'int' is the standard datatype that is native for the machine, so 16bit if you're on a 16bit machine, 32bit if you're on a 32bit machine, and 32bit if you're on a 64bit machine... wait... that doesn't work... meh.
'long' is sometimes emulated, because 16bit ints are too much of a pain.
'size_t' is generally a uintptr_t, but can also be 16bit in a segmented system like dos, where far pointers are 32bit (although with only a 20bit address space, with random weirdness mapping to the same bits of memory). Its an efficient datatype, basically.
'long double' is a fun datatype... 80 bits of actual data on x87, 64bits of actual data with sse. its just a fun datatype.

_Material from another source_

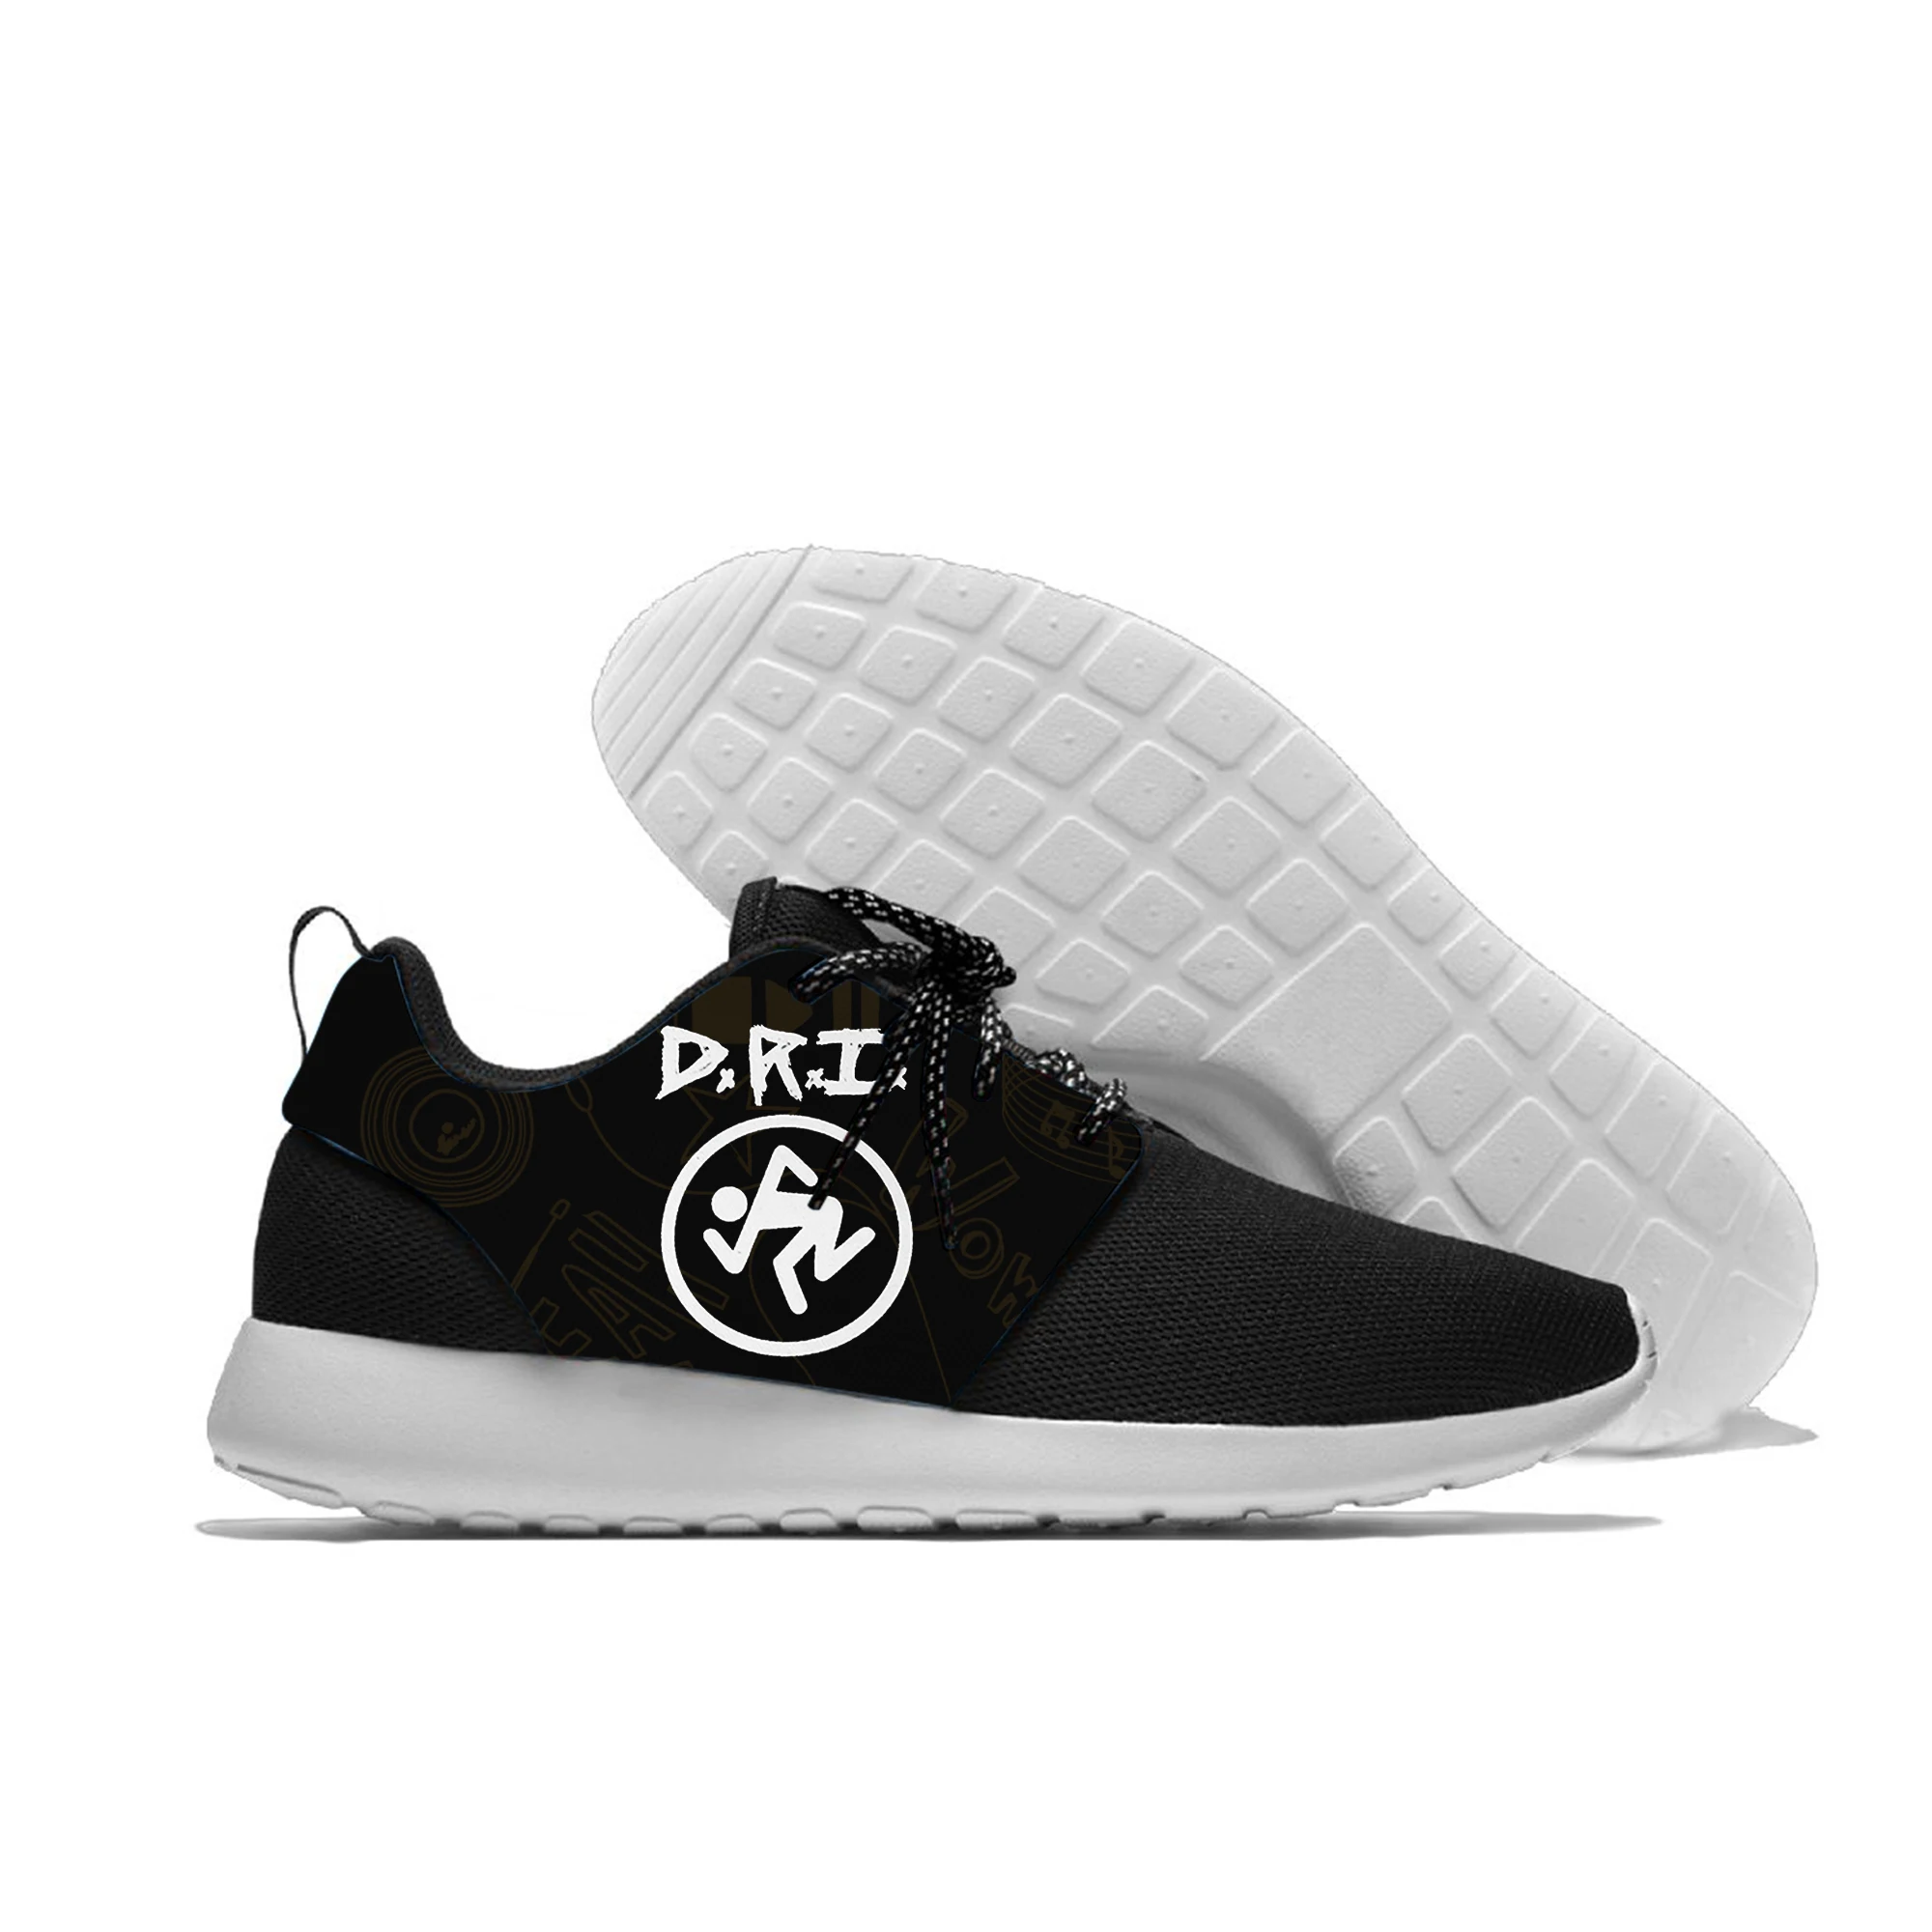 

Running Shoes Men Print The Metal Band D.R.I Images Custom Shoes Men Casual Sneakers Women Zapatos Casuales De Los Hombres

if you're doing professional coding, get accoustomed to typing uint32_t sooner rather than later.
At the end of the day, you'll either have data structures that are internal to your code (in which case you shouldn't really care about alignment/padding etc anyway), data structures that are part of an API (where extensibility is likely more important), or data structures that are transfered between programs (where you should be checking variables are within expected parameters and extra padding can be fatal, or leak information that should not be leaked).
If its buggy on 64bit, run it through valgrind. That'll detect any reads of uninitialised padding for you nice and easy. In certain situations, memsetting everything to 0 can be bad.